The main Tuareg rebel group in Niger has ousted its leader, Aghaly ag Alambo, the Niger Justice Movement (MNJ) said on its website, raising questions over efforts to broker peace in the country’s lawless north.
The MNJ has waged a low-level insurgency in the north of the uranium-exporting nation since 2007 but Libya has brokered a peace pledge from the rebels and the government, prompting local officials to predict the conflict will be over by end-2009.
“The fighters, officers and political officials in the MNJ have decided and declare that (Alambo) is no longer the president of the MNJ,” the group said in a statement dated Aug. 31 and posted on its website www.m-n-j.blogspot.com.
It was not immediately clear how many fighters in the MNJ remain loyal to Alambo or what impact his sacking would have on Libyan-brokered talks. There have been previous splits in the movement leading to two other nomadic Tuareg rebel factions.

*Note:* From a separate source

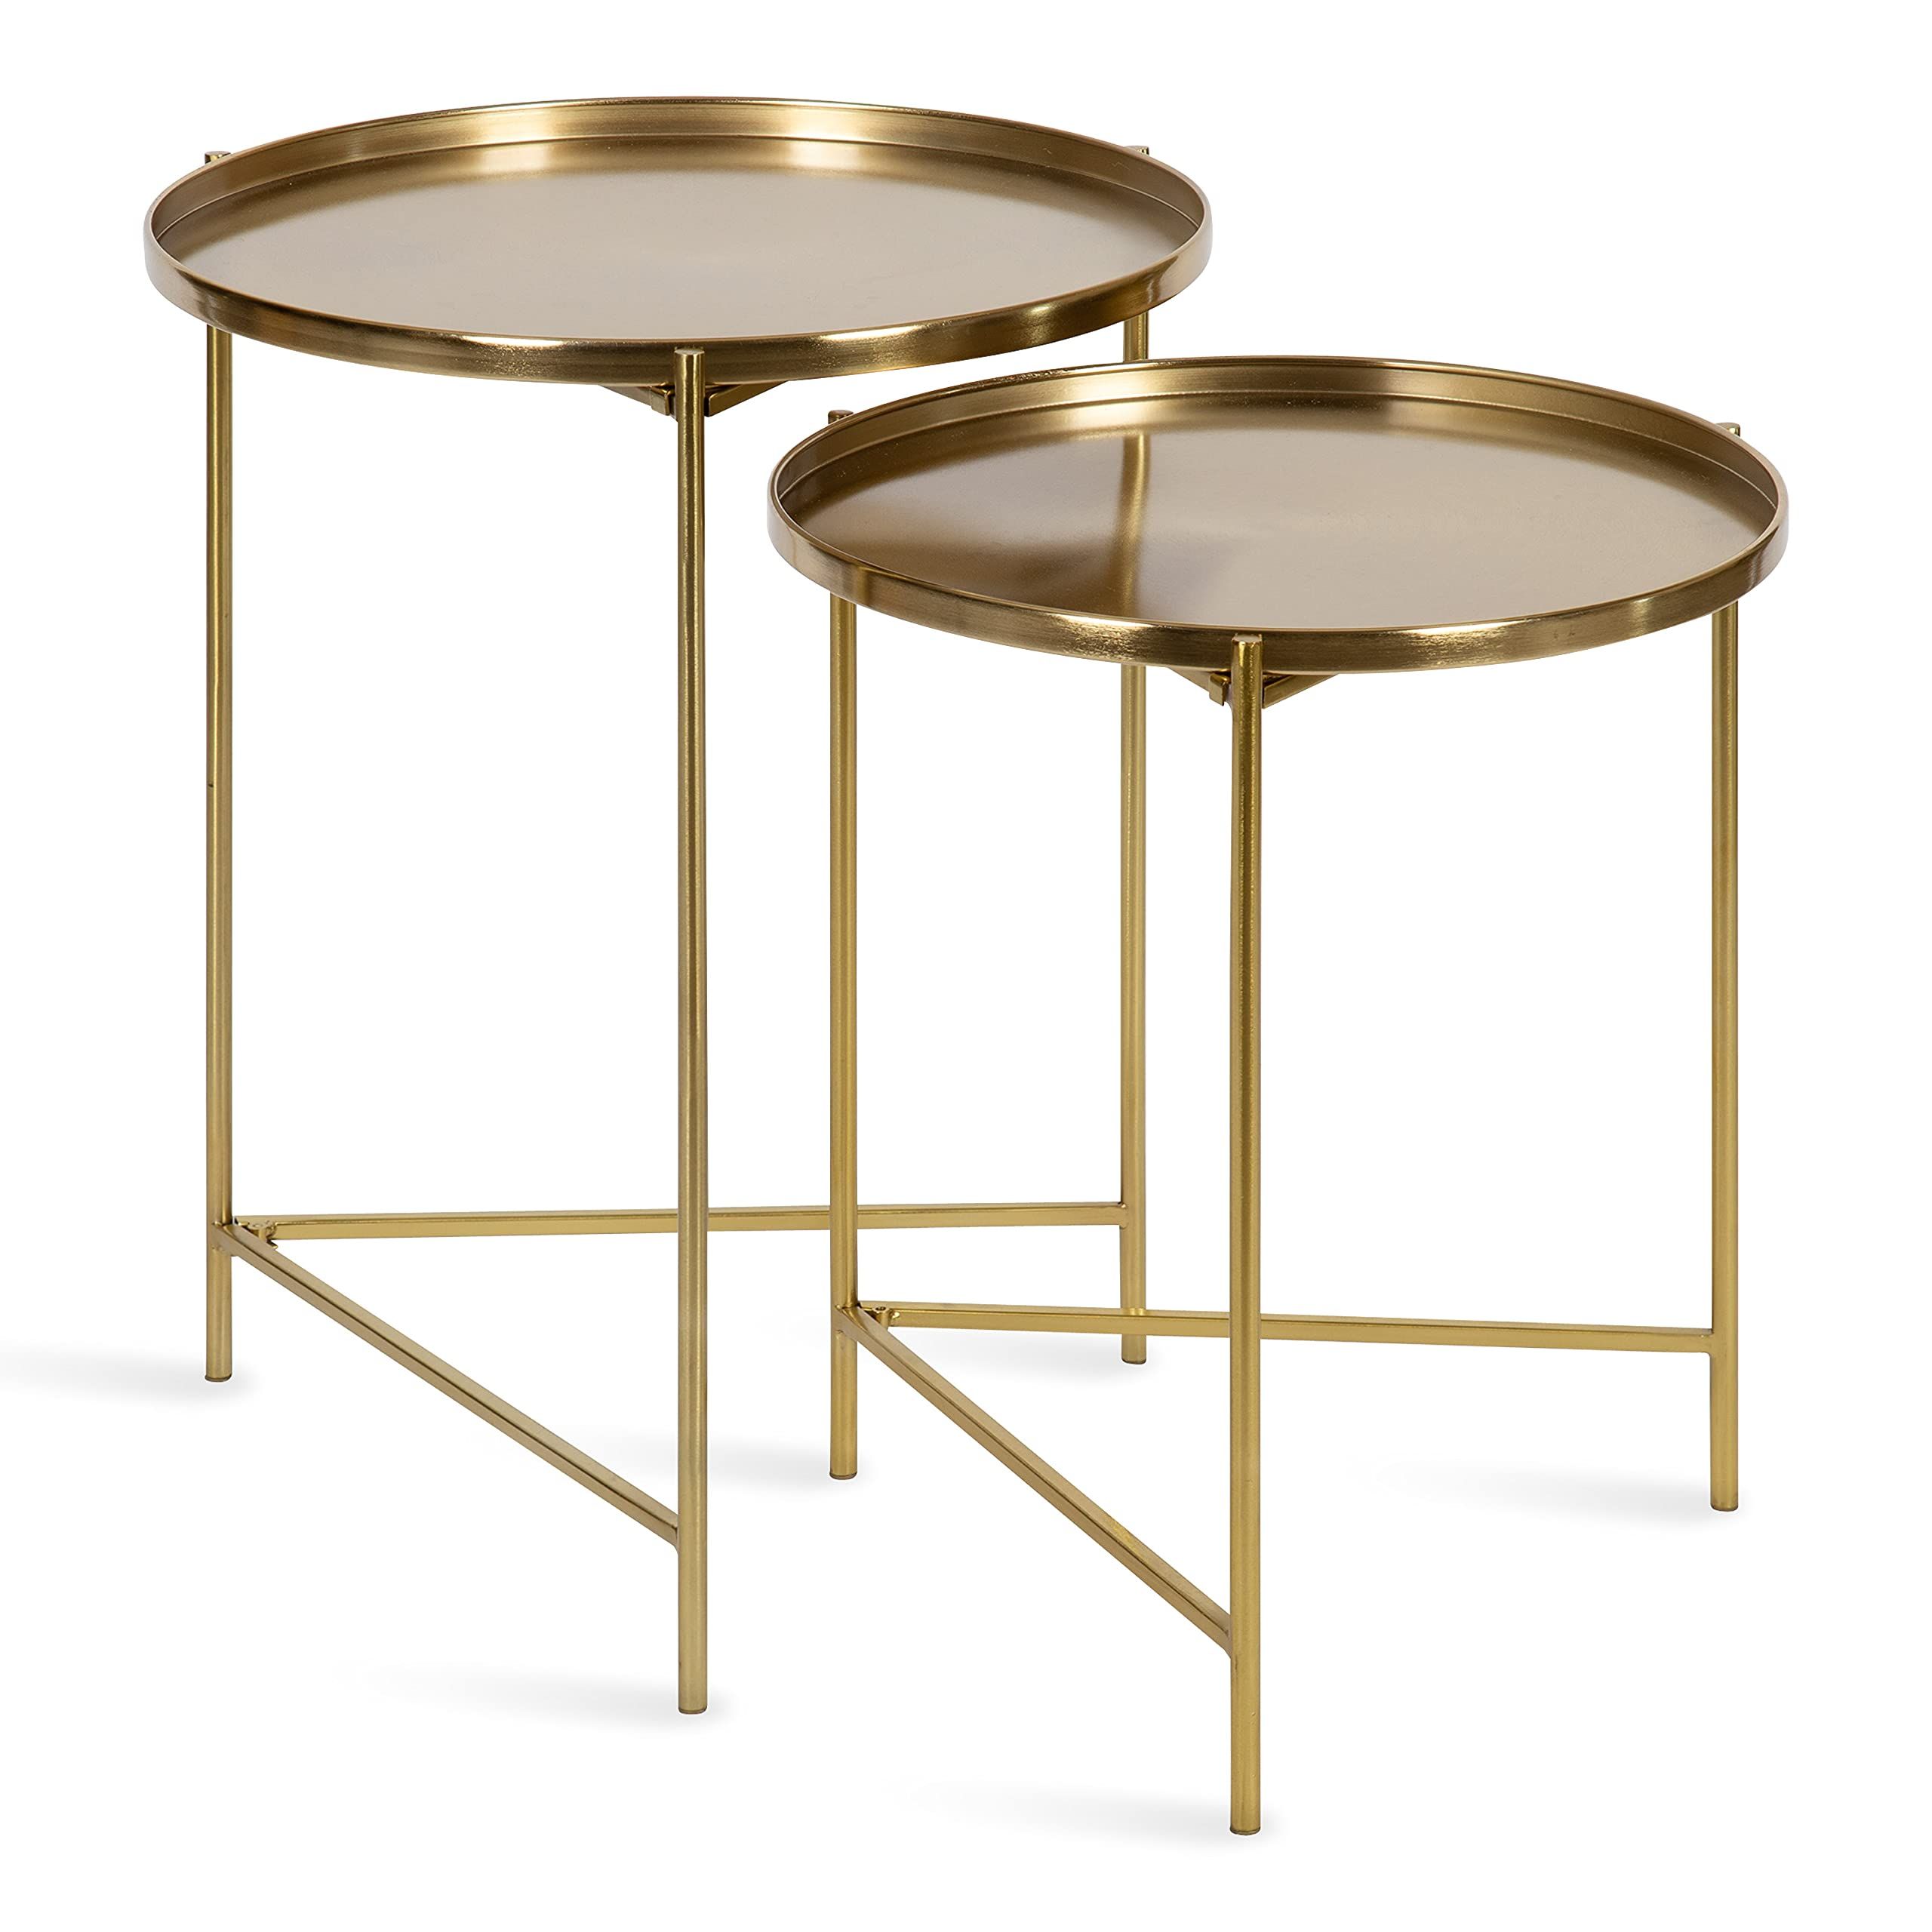 Kate and Laurel Ulani Round Metal Accent Tables, 2 Piece, Gold | Amazon (US)
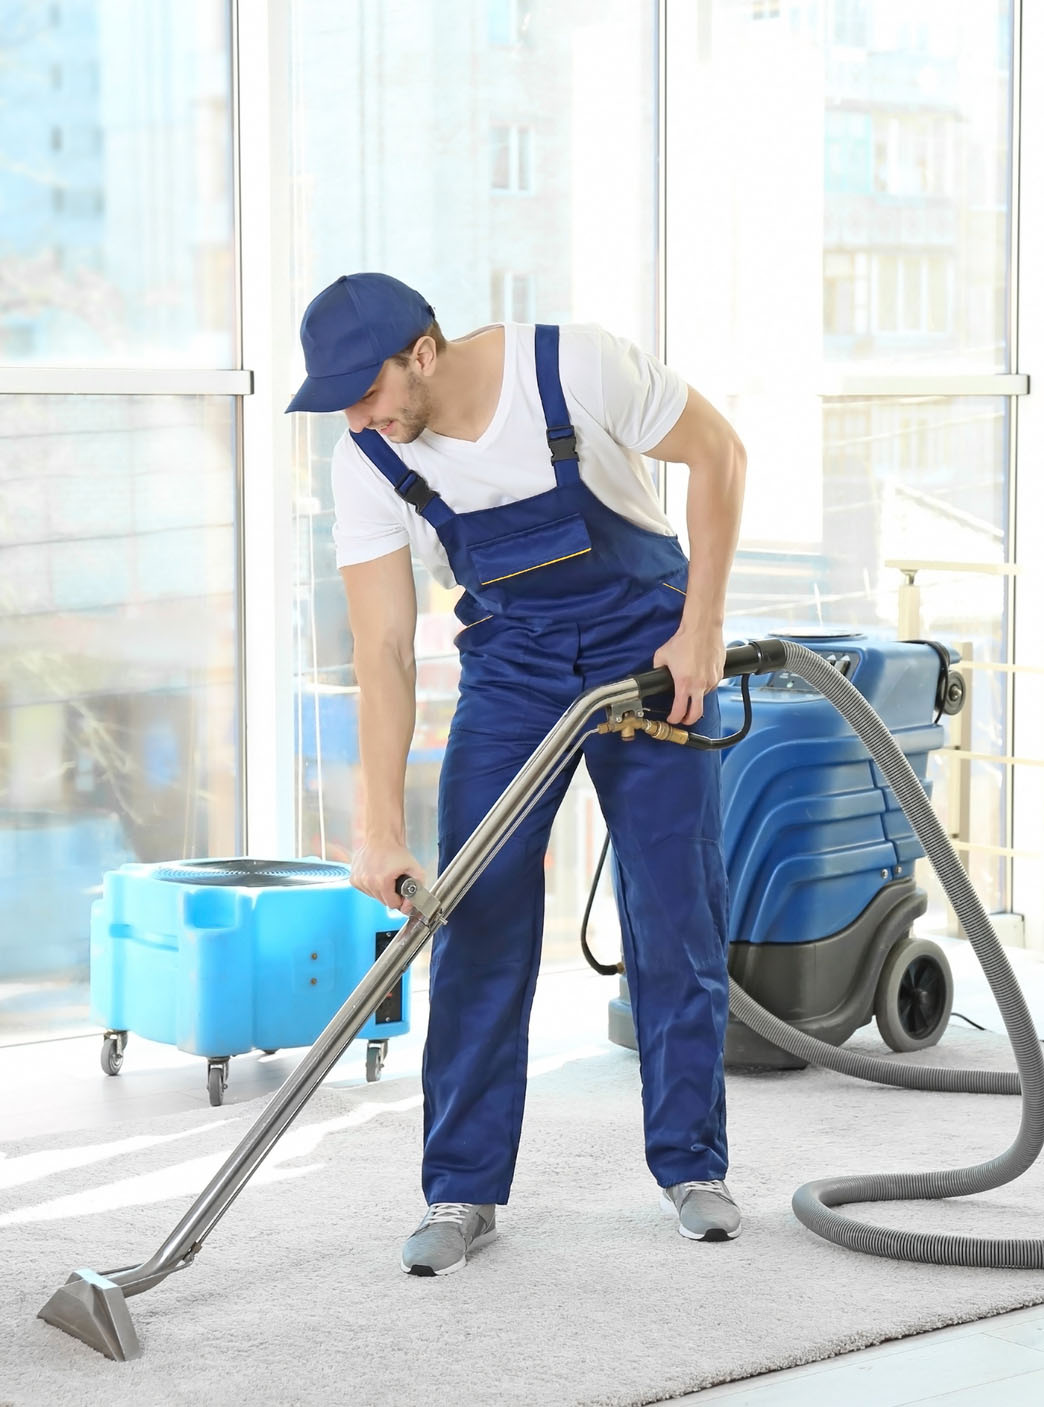 Carpet Cleaning 1

The statement accused Alambo of “tricking” the group and the countries working to end the conflict between the MNJ and the government. The group would be led by current chief-of-staff Amoumoune Kalakouwa until a new leader is chosen, it added.
The conflict is similar to previous rebellions in the 1960s and 1990s but the Tuareg are now focussing on securing a greater share of revenues from uranium mining by firms like France’s Areva , which operates in the remote north.
Areva is currently developing a €1.2 billion (R13.2 billion) mine at Imouraren, which is expected to become the biggest uranium mine in Africa and should produce 5000 tonnes per year for 35 years.
Some 300 rebels and 80 soldiers have been killed in cat-and-mouse fighting that has displaced 20 000 people.
Having initially refused to negotiate with the Tuareg rebels, accusing them of being drug dealers and gun-runners, the government in Niamey agreed to Libyan-brokered talks in April and much of the violence have eased since then.
But the MNJ’s ousting of its leader raised questions over agreements made during these talks, days after the governor of Agadez, the region that has seen most of the violence, predicted that the conflict would be over by the end of the year.
“The MNJ informs the Libyan authorities and those in power in Niamey that the group is not bound by the decisions, agreements and promises made by Alambo,” it said.
However, the group said it remained open to the Libyan-brokered talks, so long as Niger’s government agreed to conditions, which include the declaration of a truce, freeing prisoners, lifting a state of emergency in the north and formal negotiations.